This tutorial walks through tests/calc.ua line by line.
Why a Calculator?
A calculator is the perfect first "real" program because it exercises every major UA concept:
| Concept | How the Calculator Uses It |
|---|---|
BUFFER | Allocating memory to capture keyboard input |
VAR / GET / SET | Storing and retrieving the parsed numbers |
CALL | Invoking library functions (std_io.print, std_io.read, std_string.parse_int, std_string.to_string) |
CMP / JZ | Branching on the operator character |
ADD / SUB | The actual arithmetic |
LOADB / STOREB | Byte-level work inside parse_int and to_string |
@IMPORT | Pulling in standard libraries |
@ARCH_ONLY | Restricting to supported targets |
The ASCII Trap: Why You Need parse_int and to_string
This is the single most important concept for beginners working close to the metal.
When you type 5 on your keyboard and press Enter, the operating system does not hand your program the number 5. It hands you the byte 0x35 (decimal 53) — the ASCII code for the character '5'. A newline (0x0A) follows it.
So the "number" 42 arrives as three bytes in your buffer:
Buffer: [ 0x34 ] [ 0x32 ] [ 0x0A ] ← raw bytes
'4' '2' '\n'
If you tried to ADD these bytes directly, you'd get 0x34 + 0x32 = 0x66 — which is the letter 'f'. Not helpful.

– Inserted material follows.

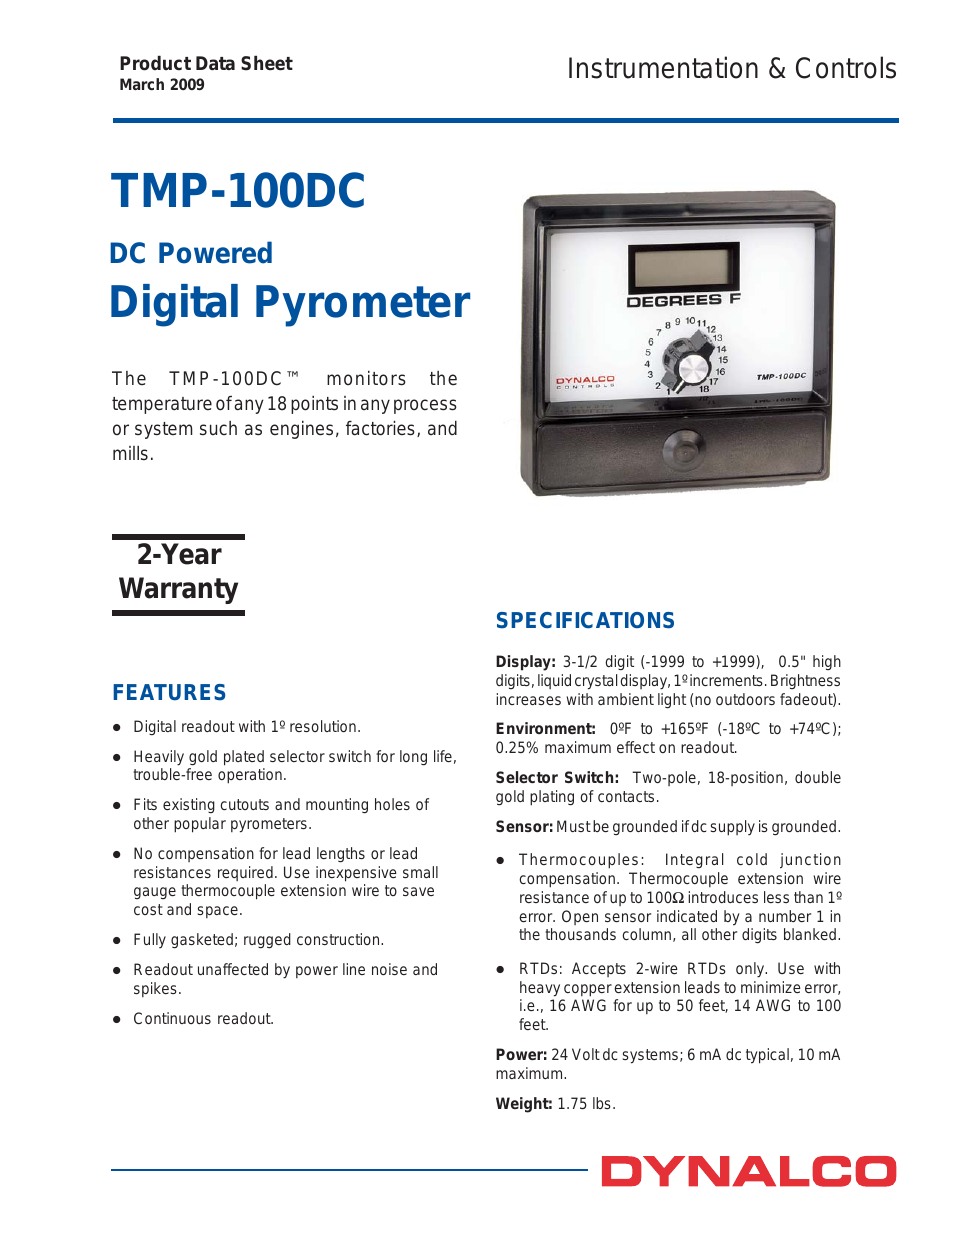 TMP-100DC Temperature Monitor

std_string.parse_int fixes this. It walks each byte, subtracts 48 (the ASCII value of '0'), multiplies a running total by 10, and adds the digit:
'4' → 0x34 - 48 = 4 total = 0 * 10 + 4 = 4
'2' → 0x32 - 48 = 2 total = 4 * 10 + 2 = 42
'\n' → stop
Result: 42 ✓
The reverse problem hits when you want to print a result. The number 123 is a single integer in a register — but the screen expects three separate ASCII characters ('1', '2', '3'). std_string.to_string extracts digits by dividing by 10, converts each to ASCII (add 48), and writes them to a buffer.
Walking Through calc.ua
1. Header and Imports
@ARCH_ONLY x86, x86_32, arm, arm64, riscv
@IMPORT std_io
@IMPORT std_string
@ARCH_ONLY locks the program to architectures that support console I/O (everything except the bare-metal 8051). The two @IMPORT lines pull in the I/O and string-conversion libraries.
2. Data Section
BUFFER input_1, 32 ; keyboard buffer for first number
BUFFER input_2, 32 ; keyboard buffer for second number
BUFFER input_op, 8 ; keyboard buffer for operator (+, -)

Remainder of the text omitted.